BANDUNG — Harga cabai rawit merah di sejumlah pasar tradisional Jawa Barat menembus angka Rp135 ribu per kilogram, naik drastis dari harga normal yang berkisar Rp60 ribu hingga Rp80 ribu per kilogram. Pedagang di Pasar Induk Gedebage, Bandung, menyebut kenaikan sudah terjadi sejak dua pekan lalu dan terus merangkak naik setiap hari.
Kepala Dinas Ketahanan Pangan dan Peternakan Jawa Barat mengonfirmasi bahwa produksi cabai dari sentra utama seperti Garut, Cianjur, dan Pangalengan menurun signifikan. Hujan deras yang terus mengguyur sejak akhir Januari menyebabkan buah cabai busuk sebelum dipanen. Akibatnya, pasokan ke pasar induk turun hingga 30 persen dalam dua minggu terakhir.
“Biasanya saya ambil satu kuintal sekali belanja, sekarang cuma berani setengah kuintal. Takut tidak laku karena harga jual terlalu tinggi,” ujar Siti, pedagang cabai di Pasar Kosambi, Bandung, Senin (10/3).

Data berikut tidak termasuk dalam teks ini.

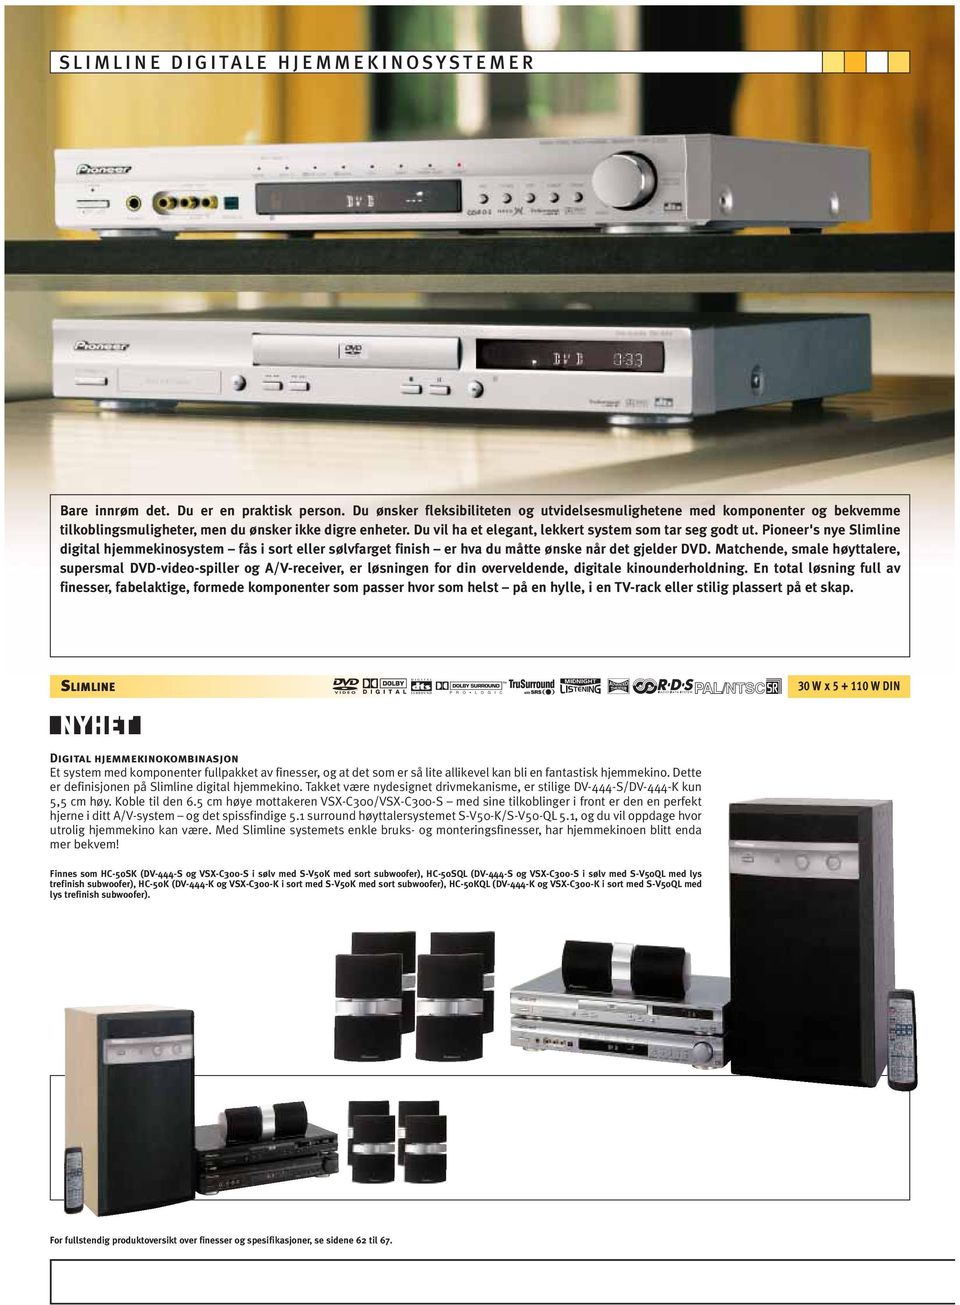 Pioneer's nye Slimline digital hjemmekinosystem fås i sort eller sølvfarget finish er hva du måtte ønske når det gjelder DVD.

Ia mengaku terpaksa menaikkan harga jual eceran karena harga beli dari distributor naik terus.
Ibu rumah tangga mulai mengurangi pembelian cabai. “Dulu beli setengah kilo, sekarang cuma dua ons. Diganti dengan cabe bubuk atau cabai kering yang lebih murah,” kata Yanti, warga Cimahi. Pelaku usaha warung makan dan pedagang gorengan juga mulai mengeluh. Seorang pemilik warung nasi di kawasan Dipatiukur mengaku margin keuntungannya tergerus karena tidak bisa menaikkan harga jual terlalu tinggi.
Pemerintah Provinsi Jawa Barat berencana menggelar operasi pasar murah di 10 titik rawan inflasi mulai pekan depan. Selain itu, tim pengendali inflasi daerah juga mulai menjalin komunikasi dengan pemasok dari Jawa Timur dan Lampung untuk menambah pasokan. “Kami targetkan harga kembali ke level Rp80 ribu dalam dua pekan ke depan,” ujar Kepala Dinas Perindustrian dan Perdagangan Jabar. Namun, pedagang ragu target itu tercapai selama musim hujan masih berlangsung.
Pengamat pertanian dari Universitas Padjadjaran memperkirakan harga baru akan turun setelah masa panen raya pada April mendatang. Ia menambahkan, gangguan cuaca yang berkepanjangan bisa memperpanjang siklus harga tinggi. Masyarakat pun disarankan beralih sementara ke komoditas pengganti seperti cabai kering atau bubuk cabai yang harganya lebih stabil.